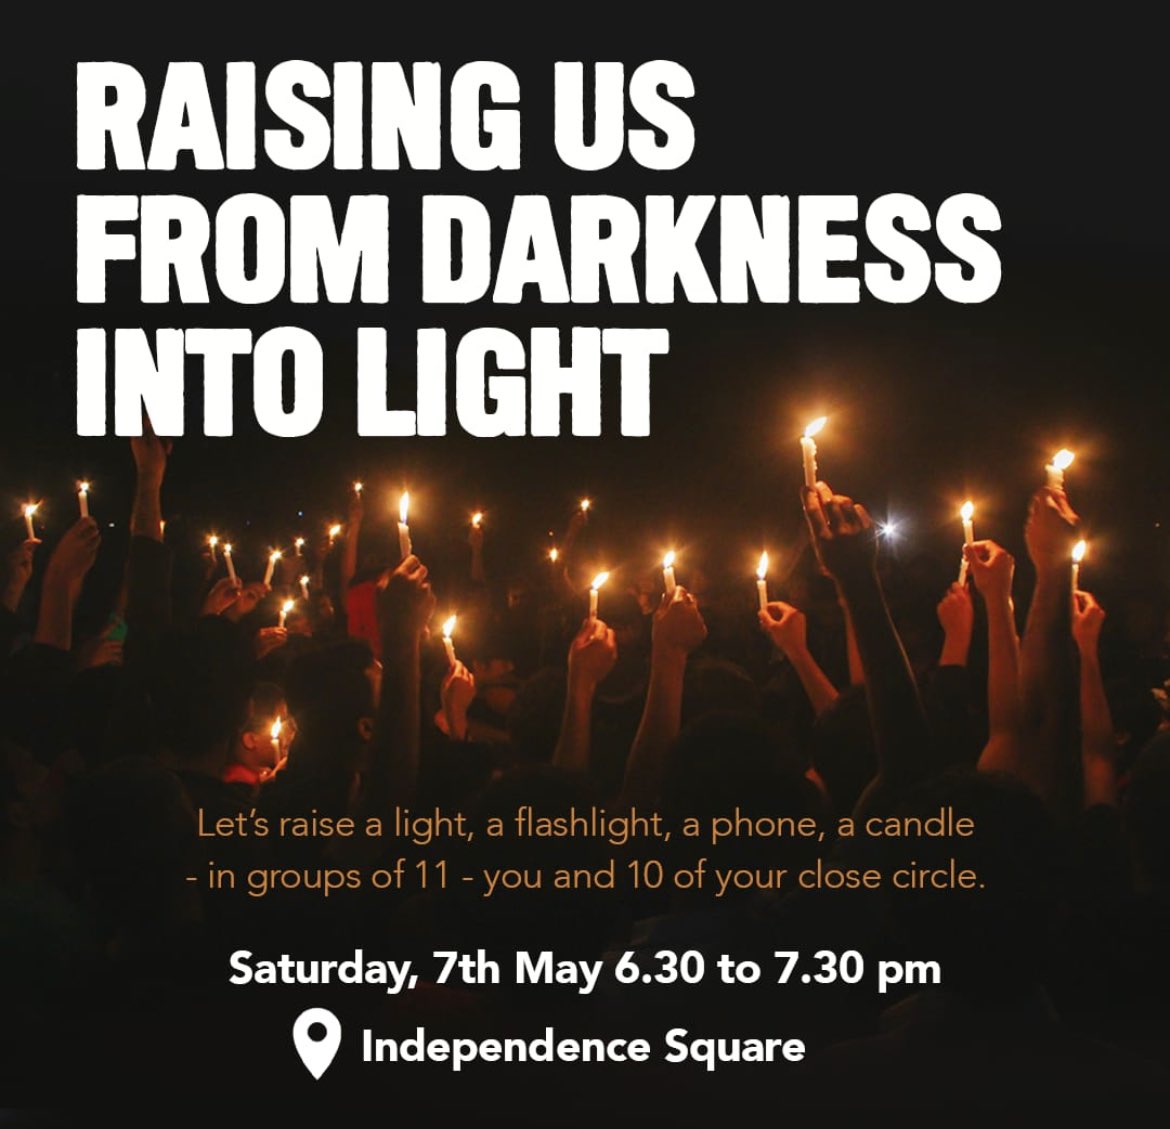 Pleas try to attend this!
#GotaGoHome #RajapaksasGoHome

PL RETWEET

Problem: Only the pictures may be dropped when you copy the data above; everything else stays exact.

Response to this task:
 Pleas try to attend this!
#GotaGoHome #RajapaksasGoHome

PL RETWEET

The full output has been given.